Há 100 anos, insurgia-se uma revolução na Rússia que levaria ao fim o regime czarista, com a deposição e fuzilamento do czar e sua família, e a chegada ao poder dos bolcheviques, liderados por Vladimir Ilyitch Ulianov, o Lênin, em outubro de 1917. Não demorou para o país ser rebatizado de União das Repúblicas Socialistas Soviéticas – URSS e se tornar protagonista nas disputas mundiais. Para os revolucionários, esse era apenas o primeiro passo no processo que levaria o bolchevismo a todo o mundo.


Os fatos mostram que essas expectativas não se confirmaram. Mas é inegável o papel central da Revolução de Outubro nos acontecimentos que se seguiram (Guerra Fria, Revolução Cubana, Guerra da Coreia…). Essa forte influência ultrapassou as barreiras da política e reverberou nas artes. Maiakóvski, Malevitch, Stravinski, Stanislavski e Eisenstein são alguns dos artistas cujas obras refletem esse contexto. A arte russa foi marcada pela revolução – seja pela adesão ou negação – e este é o ponto de partida da nossa capa.

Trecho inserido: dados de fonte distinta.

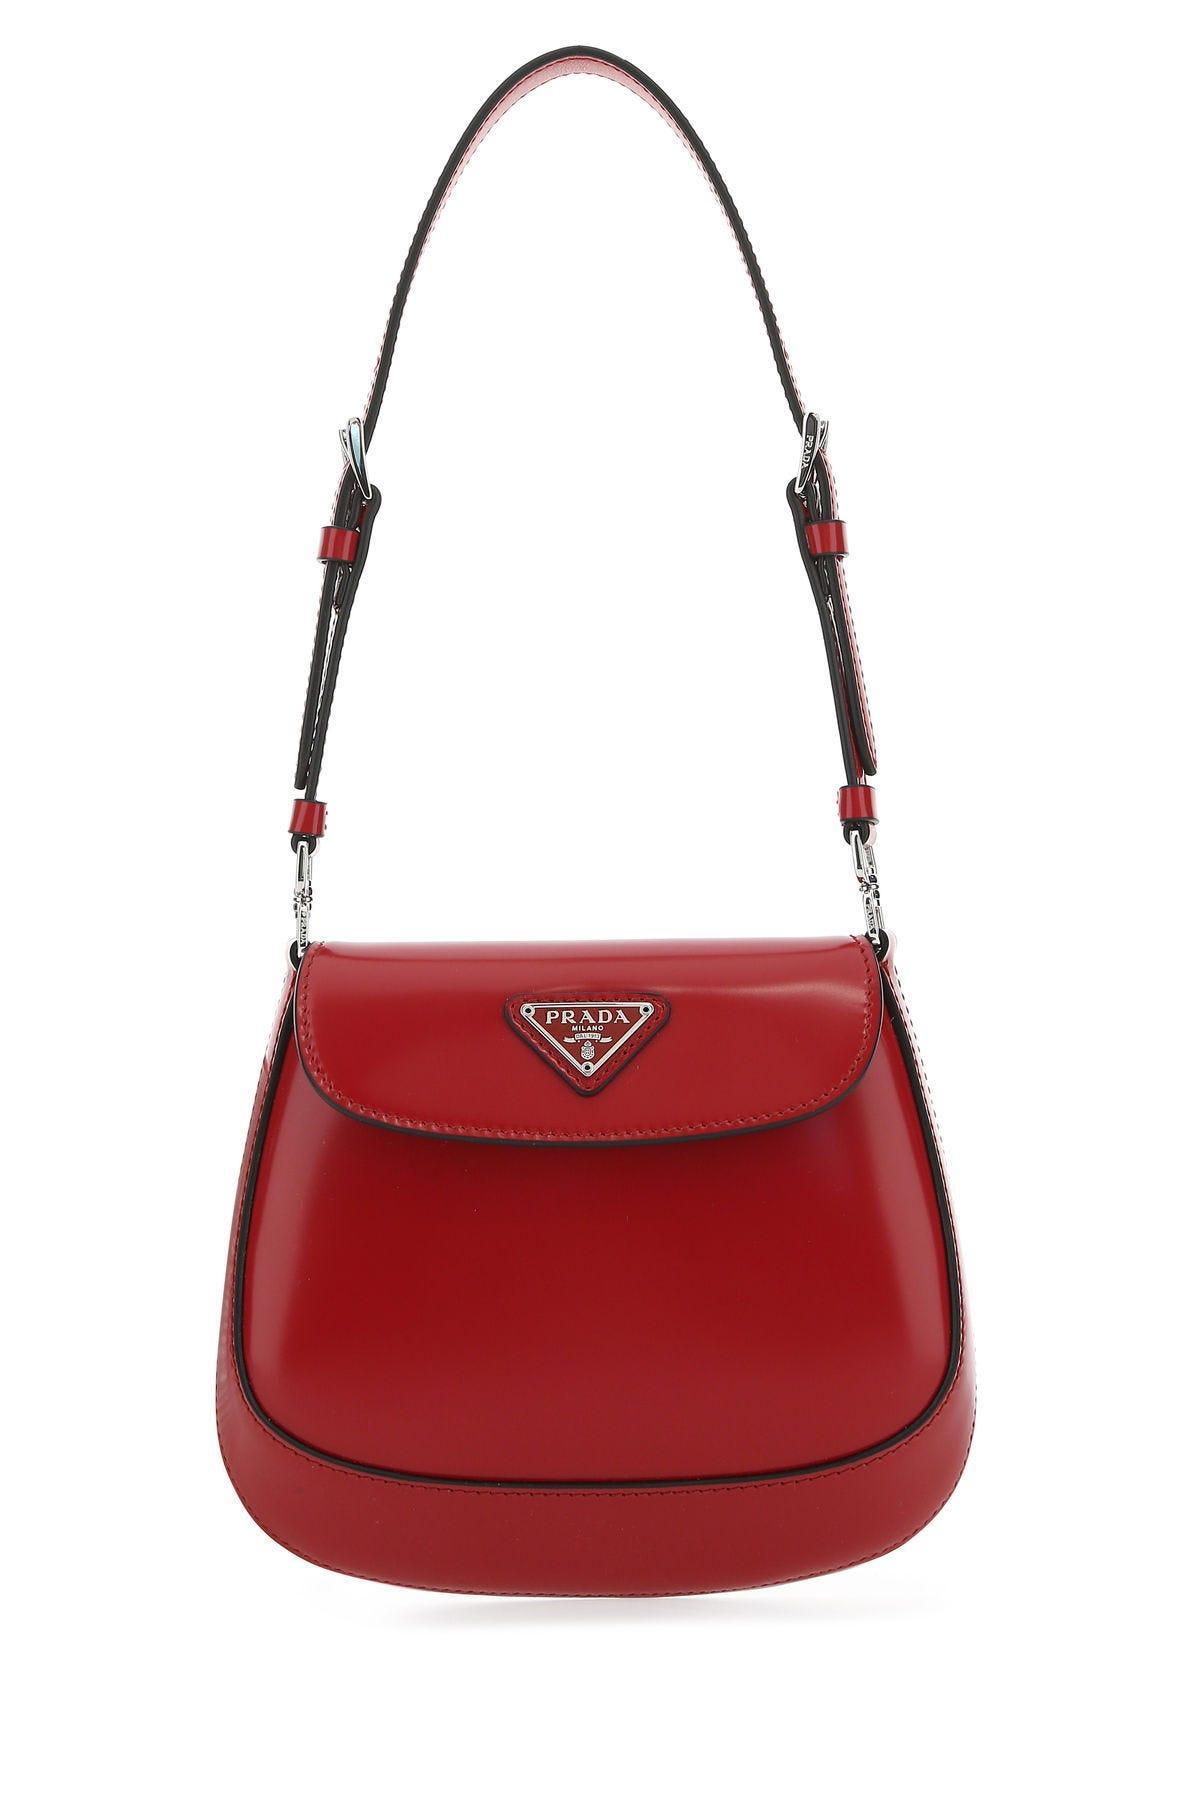 Prada Leather Shoulder Bag - Red | Editorialist
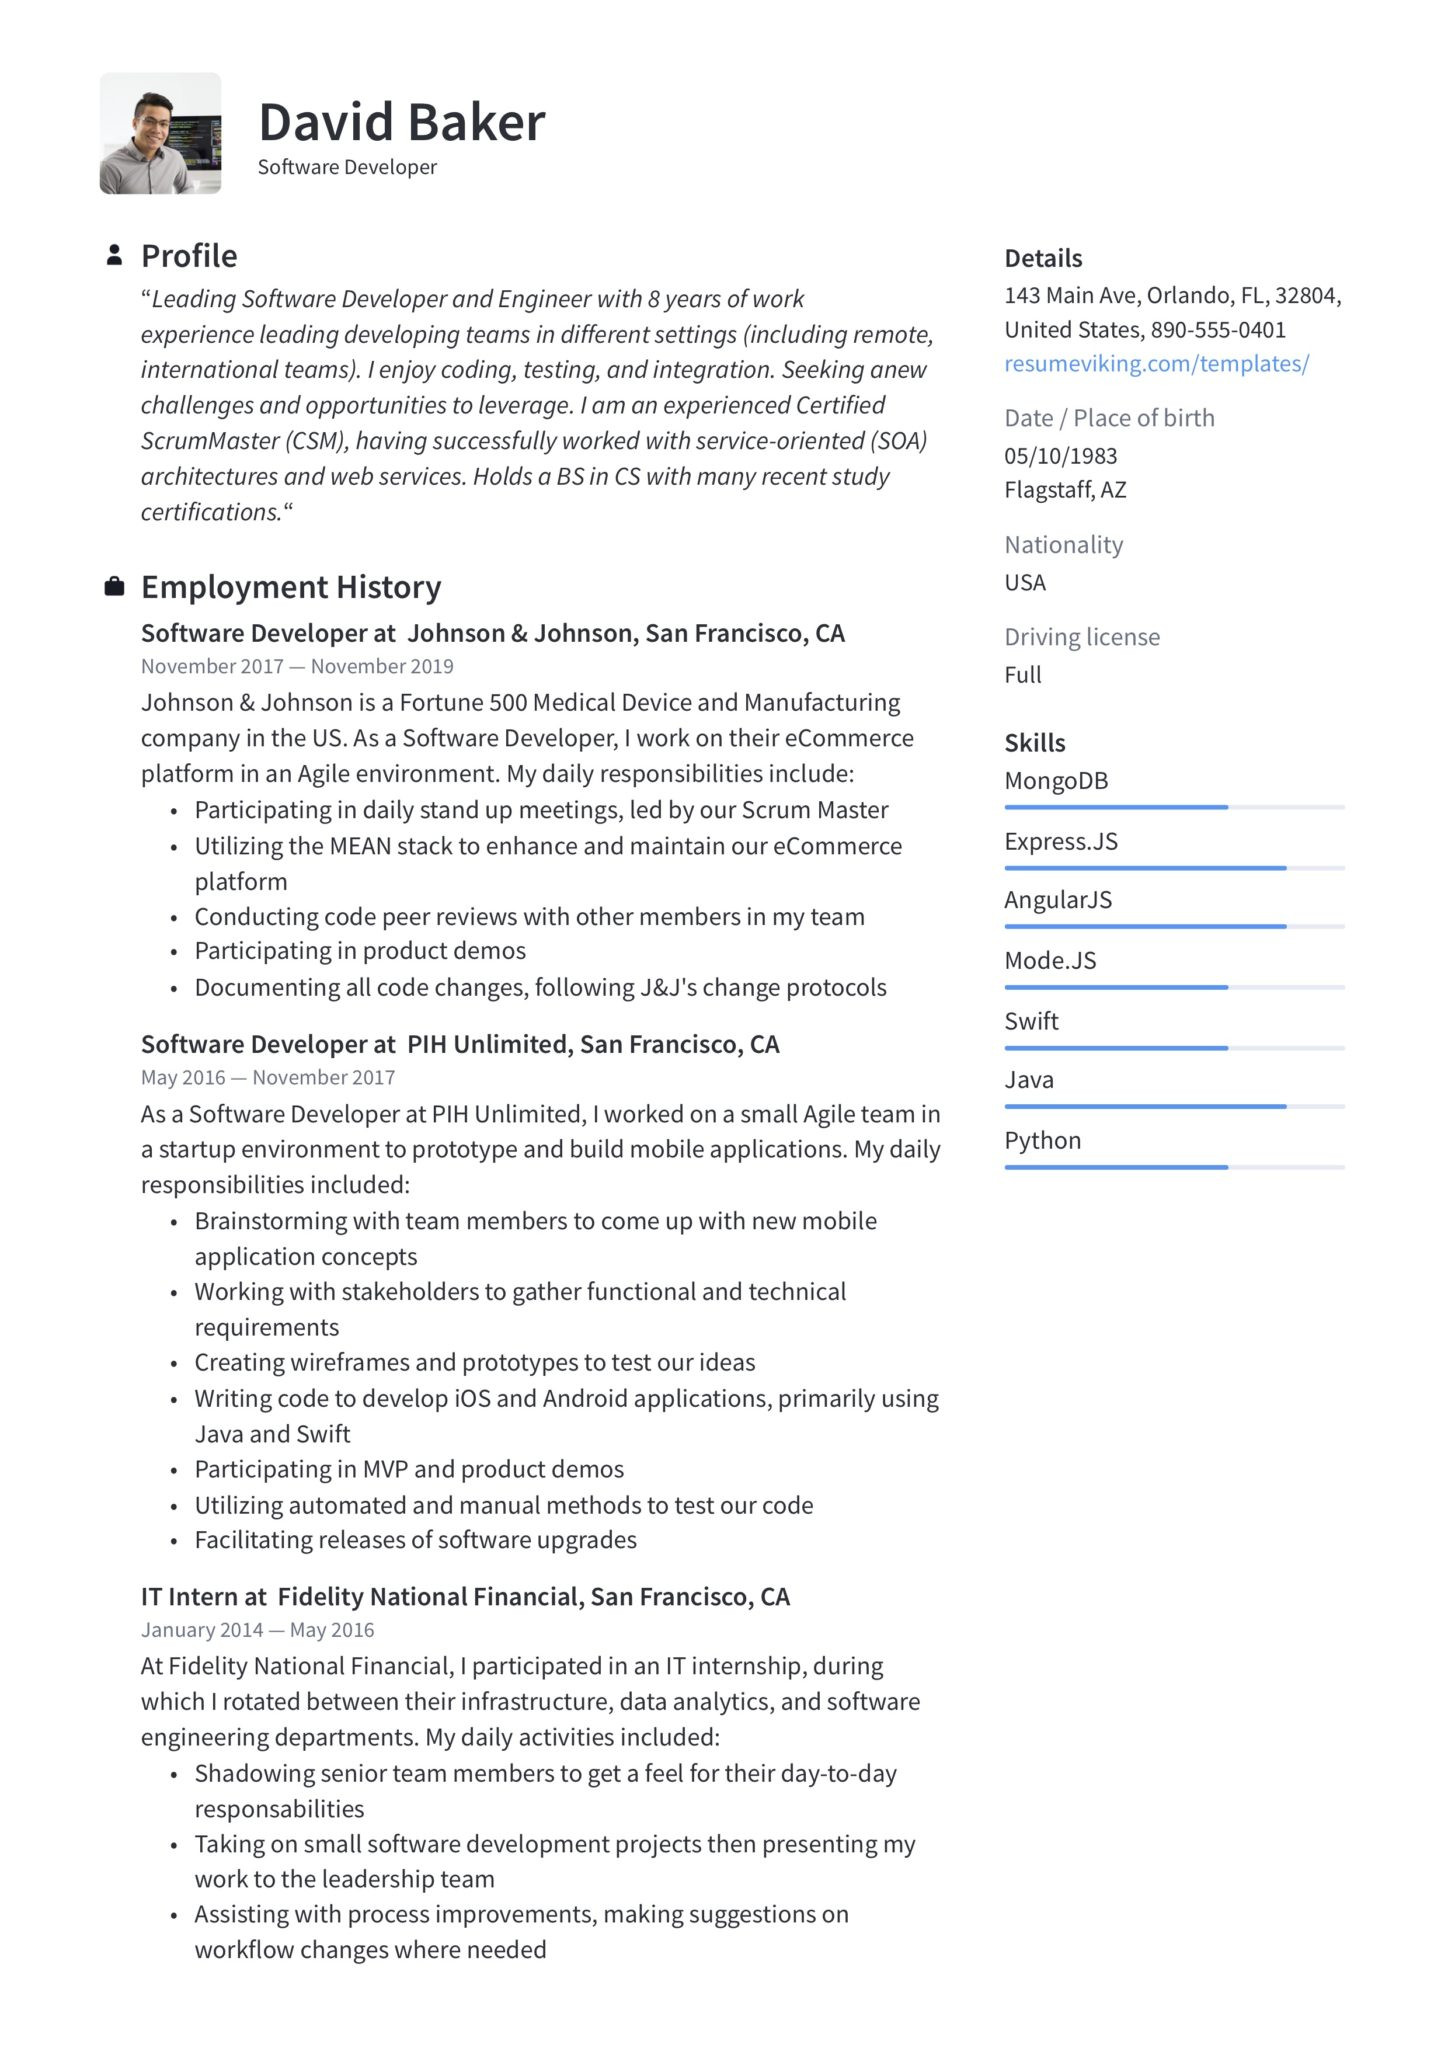 Sample Resume for software Engineer Fresher Pdf Guide: software Developer Resume  19 Examples Word & Pdf 2020

Como coloca Fábio Andrade, em seu artigo, a despeito do fracasso das grandes revoluções, o homem contemporâneo segue precisando delas, mas, agora, num contexto de micropolíticas. “Com o desgaste das grandes utopias, das promessas de um futuro de justiça social amplo e definitivo, encaramos a dura tarefa de pensar a mudança ao alcance da mão, perto de casa, na relação com o vizinho, com nossos filhos, nossos amantes. Uma revolução diária que parece ser o tom da literatura”, escreve.


Além da discussão desse tema instigante, trazemos para nossas páginas a tradição das parteiras, cujo dia internacional é celebrado em 5 de maio. Viajamos por algumas regiões de Pernambuco e conversamos com mulheres que ajudam outras a trazerem seus filhos ao mundo através de um conhecimento ancestral, carregado de afeto, espiritualidade e rituais.


Nesse olhar para o interior fomos também até a Usina Santa Terezinha, situada no município de Água Preta, na Mata Sul do estado, onde teve início, em 2015, o projeto Usina de Arte, que se propõe a mudar a paisagem dessa região, tomada pela cana-de-açúcar, através de residências artísticas, oficinas e incentivo à economia criativa.